Between Eroton and Midwestern, Okoloko as Chairman oversees a combined daily production capacity of approximately eighty thousand barrels of crude oil per day and 100mscf of natural gas production. Estimates forecast that Eroton holds significant prospective natural gas resources alongside undiscovered volumes of condensate and associated hydrocarbons. As Chairman, Okoloko personally oversaw the development and implementation of Eroton's CSR and security strategy. Historically, OML 18 was synonymous with militancy and vandalism of oil installations; to date Eroton has not experienced any downtime related to illegal activities in its operating area. In 2016, Okoloko led the investment of San Leon Energy, a UK listed AIM company, in OML 18 through Eroton.
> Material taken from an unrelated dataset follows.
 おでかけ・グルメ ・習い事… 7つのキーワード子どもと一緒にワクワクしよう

Awards, memberships and recognition
 Okoloko is a member of the Nigerian Economic Summit (Policy Formulation) Group and the National Technical Working Group of the Nigeria Vision 2020. He is also a member of the President's Agricultural Transformation Implementation Council, which was inaugurated in May 2012.
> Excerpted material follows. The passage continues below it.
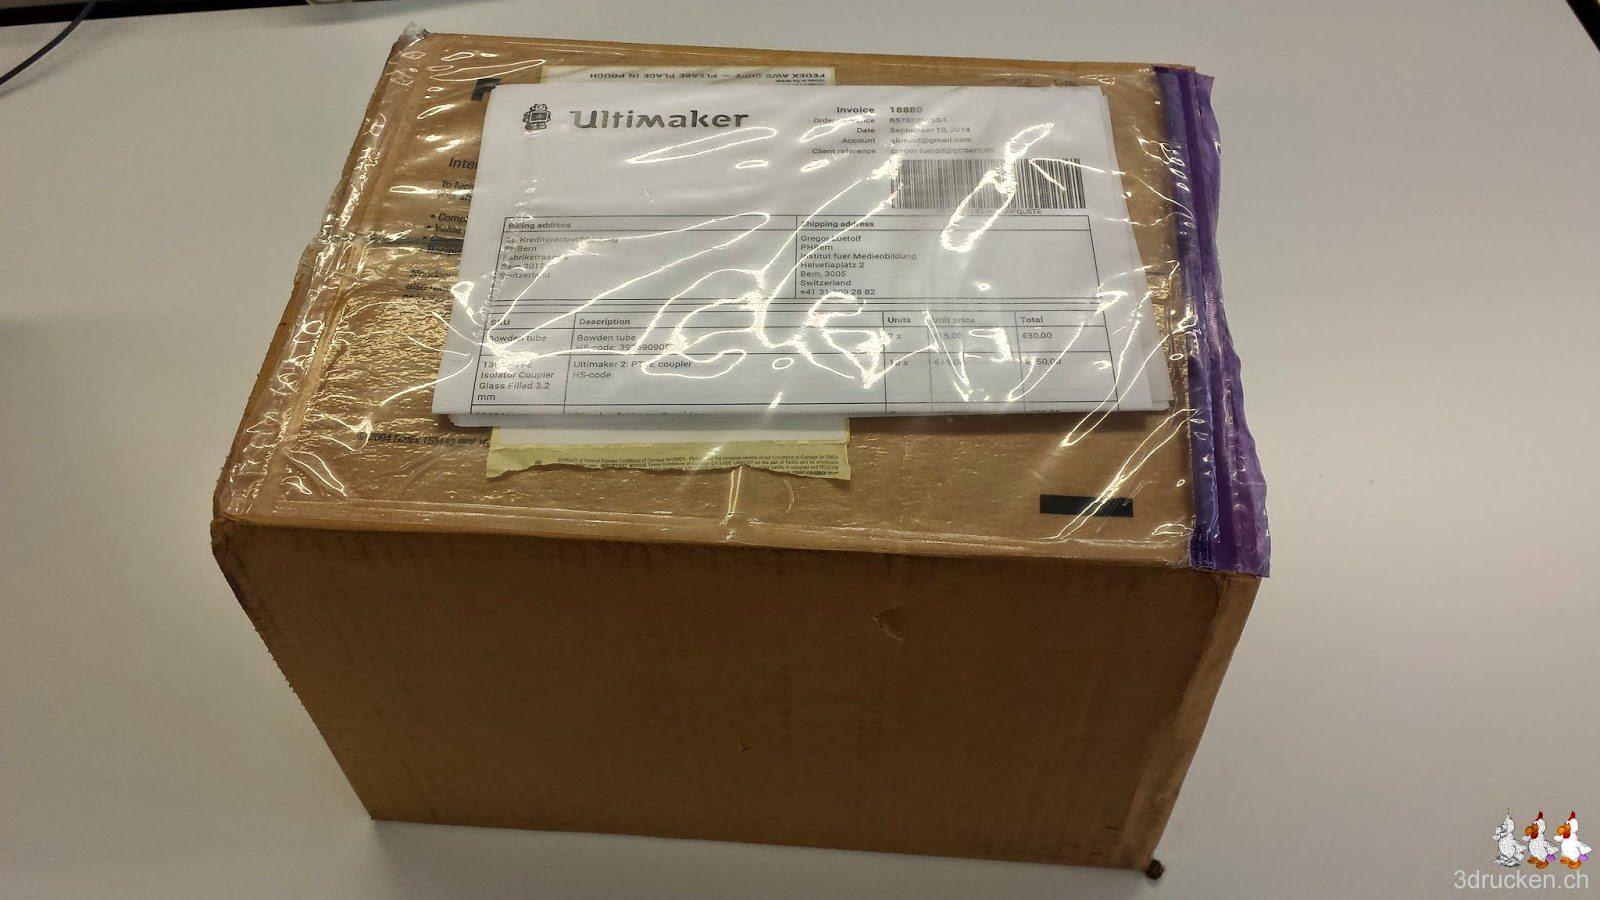 Foto des Pakets mit Frachtbrief von Ultimaker

 In 2014, Okoloko was appointed as an inaugural member of the Human Capital and Innovation Capacity Building Working Group of the National Competitiveness Council of Nigeria.
 In 2004, Okoloko was appointed a member of the Presidential Committee on Oil and Gas, as the sole representative of the private sector. This committee was instrumental in developing the current Oil and Gas policy for the country.
 In 2014, Okoloko was appointed to the Governing Council of the Delta State University Nigeria.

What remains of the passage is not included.